= Biographical fallacy =

Art term
The biographical fallacy is a term used in cultural criticism to critique the view that works of creative art, literature or music always can be or should be interpreted as reflections of the life of their authors. Along with the intentional fallacy, the term was introduced by exponents of the New Criticism who wished to emphasise that artworks should be interpreted and assessed as constructed artifacts rather than expressions of the emotions of specific individuals. The term is thus used to criticize the school of literary interpretation called biographical criticism.

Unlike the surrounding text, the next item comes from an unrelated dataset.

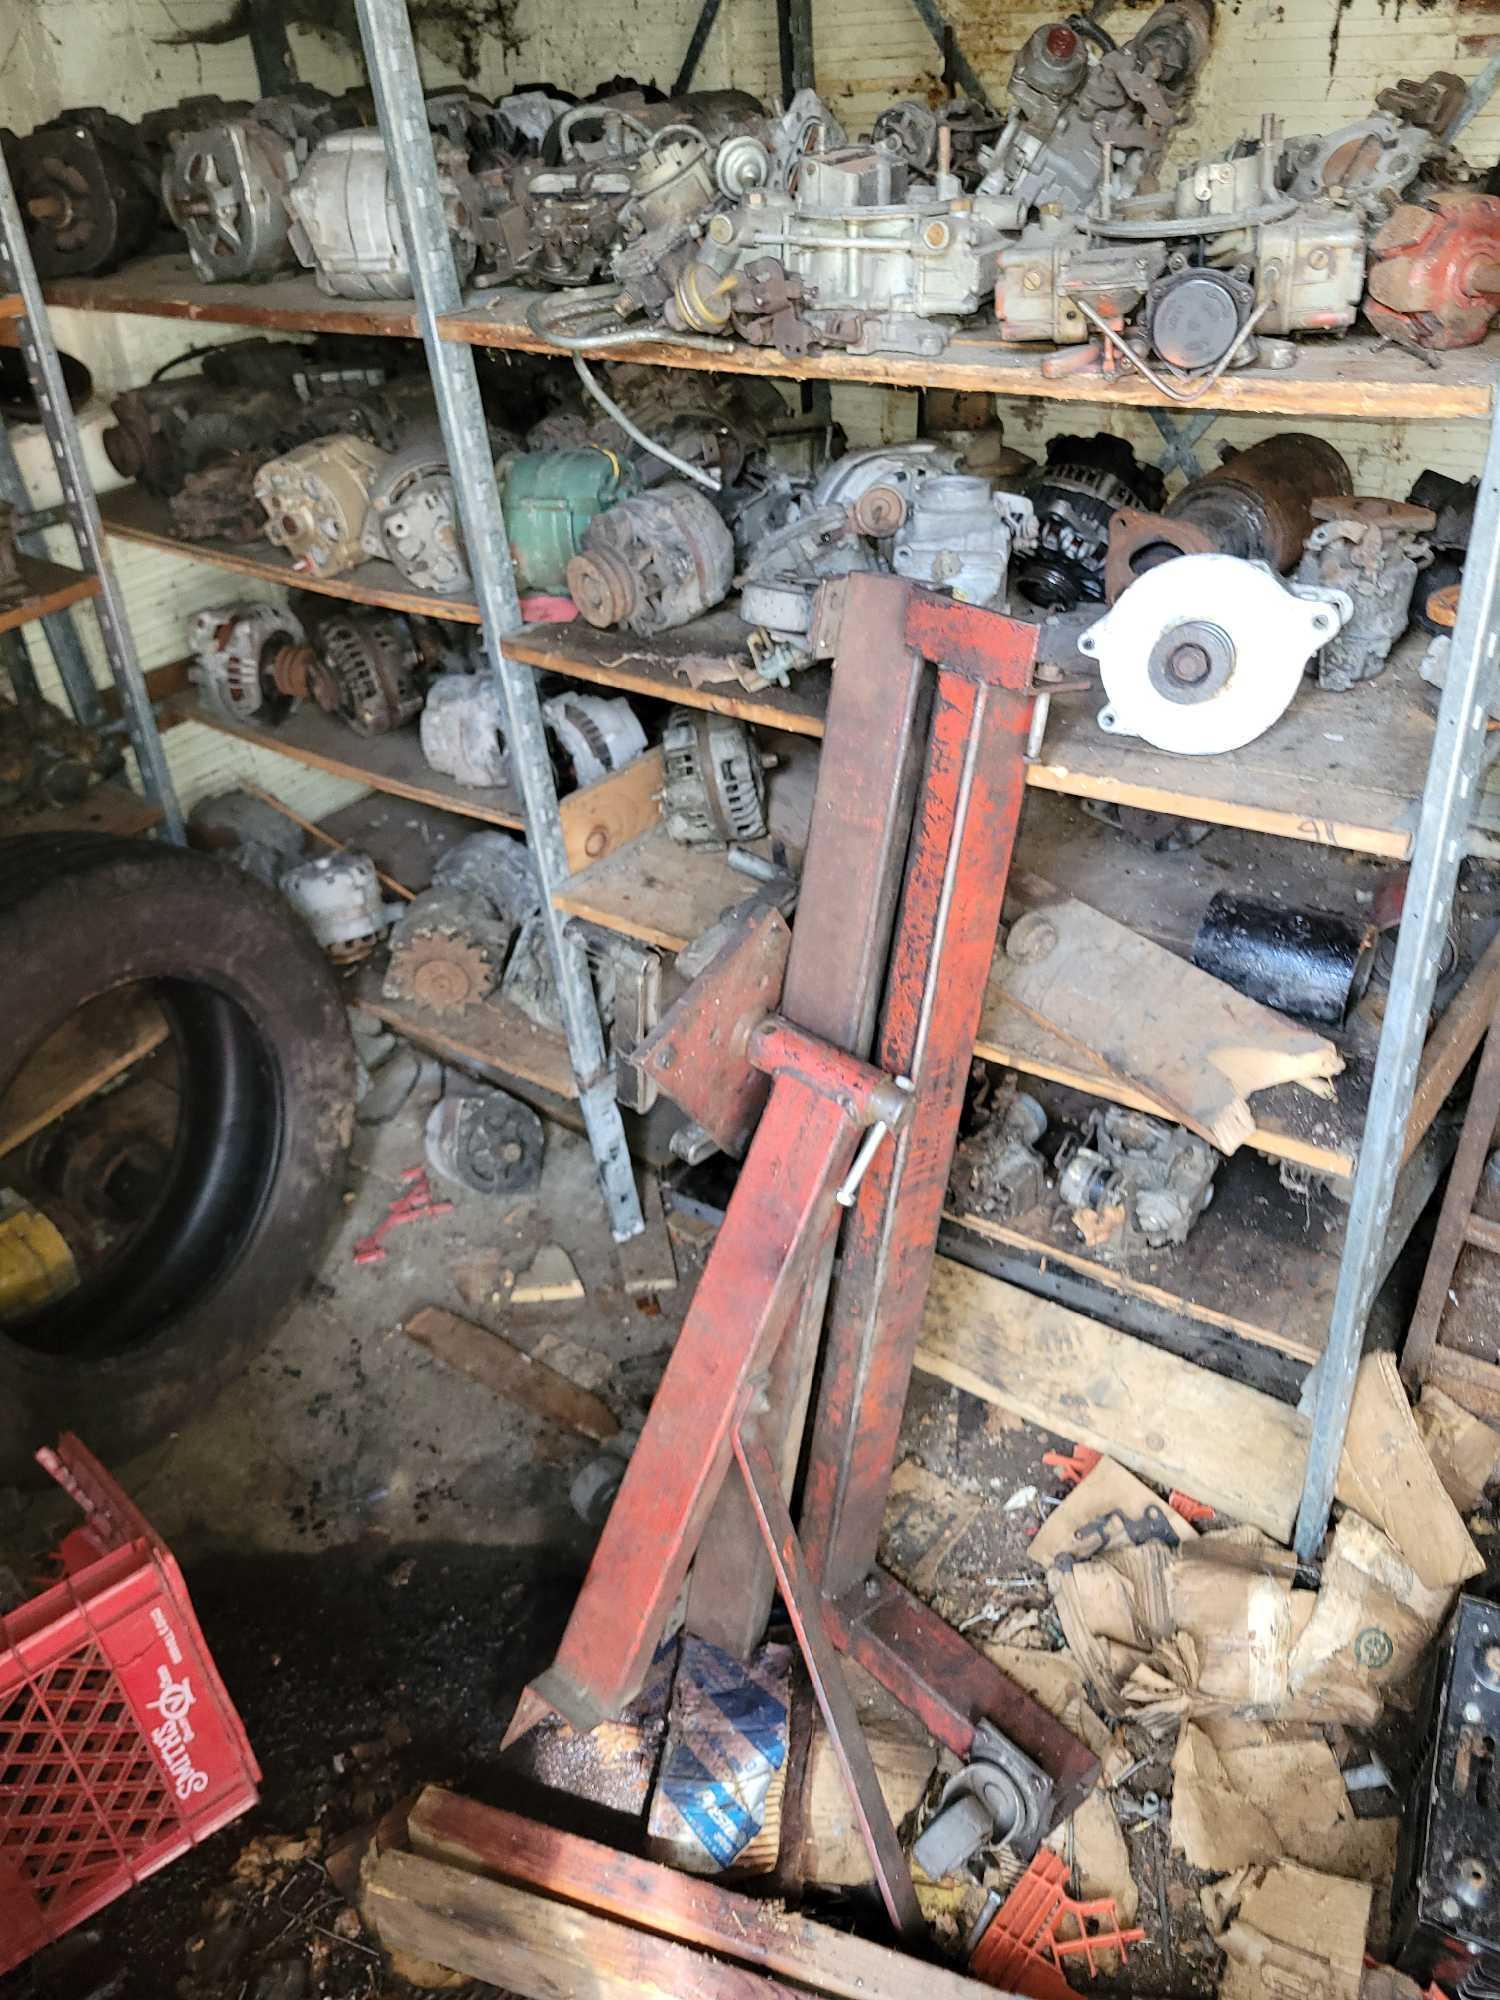 Contents of building, carburetors, engine stand, motor, scaffolding pieces, and more

The argument arose from the increasing tendency of critics during the 19th century to view artworks in terms of the life experiences of their creators, whether their personal lives, or the wider historical conditions represented in the artist's world view, a claim associated with critics such as Hippolyte Taine.

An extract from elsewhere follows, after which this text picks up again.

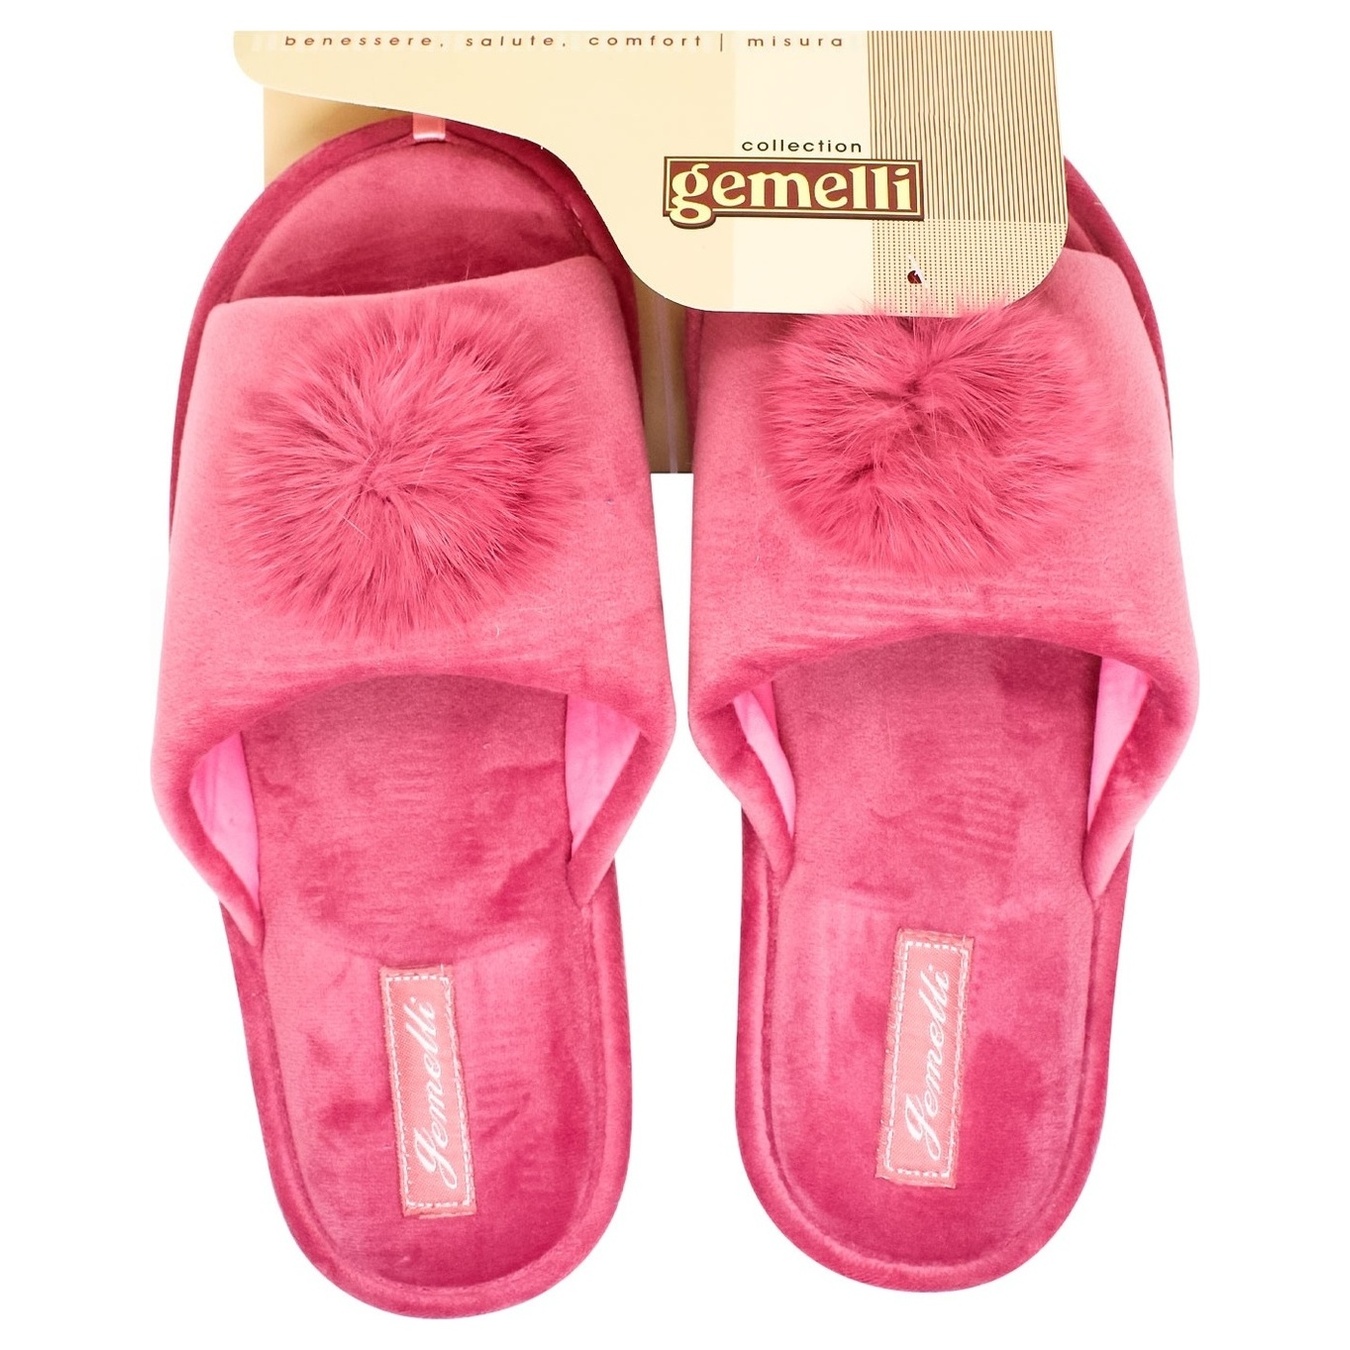 Gemelli Pukhnastyk home shoes for women 36-41 years old.

This position was referred to as a "fallacy" on the grounds that it neglected both the purely imaginative aspects of the arts and their reliance on formal conventions and rules of genre. Thus James M. Thomas writes of the fallacy applied to drama that,

This type of approach distances itself from the play and goes instead into the playwright's biography to find people, places and things that seem to be similar to features in the play. And then it claims that the play is actually a picture of these people, places and things. In its extreme form this is a fallacy because it does not consider that playwrights use their imagination when they write and that they can imagine improbable or even impossible things.

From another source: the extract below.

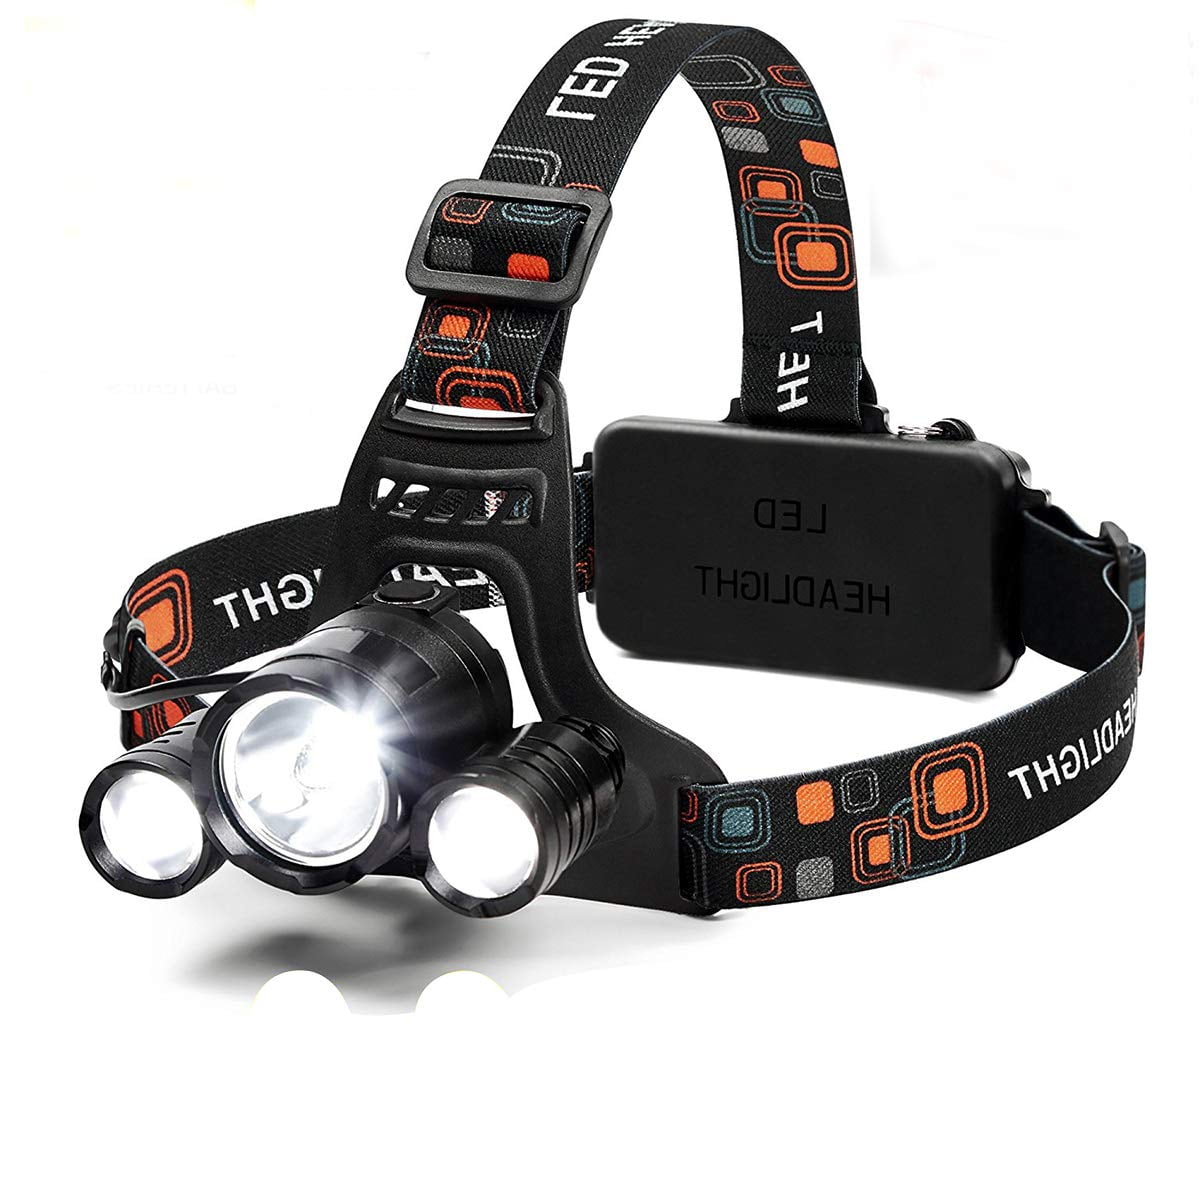 LED Headlamp 6000 Lumen Flashlight, 4 Modes Light, Rechargeable 18650 Headlight, Waterproof Hard Hat Running Bright Head Lights, Hunting or Camping Headlamps+Charger+Car Charger - Walmart.com

Robert S. Miola, Professor of English at Loyola College in Maryland, discusses the biographical fallacy as "the unqualified conviction that one can read the author's life from the work and vice versa", and adds:

This fallacy is widespread in Shakespeare studies, true enough, but the business of wrenching passages out of dramatic context as evidence of the playwright's personal beliefs usually reveals more about the critic than about Shakespeare.

Commenting further on the fallacy as applied to contemporary work about Shakespeare, Joseph Pearce asserts that "For the proponents of ‘queer theory' he becomes conveniently homosexual; for secular fundamentalists he is a proto-secularist, ahead of his time; for ‘post-Christian' agnostics he becomes a prophet of modernity.”

Others consider the term offensive and defend biographical criticism in its non-extreme forms, finding that full understanding of an author's works is not possible without extrinsic sources. Leon Edel in his book Literary Biography devoted a chapter to defending biographical criticism. While admitting the excesses of certain earlier critics‘ use of biography, he rigorously stated that "no critic, I hold, can explicate—the very word implies this—anything without alluding to something else [outside the work]."

The term inverted autobiography is also applied to the practice.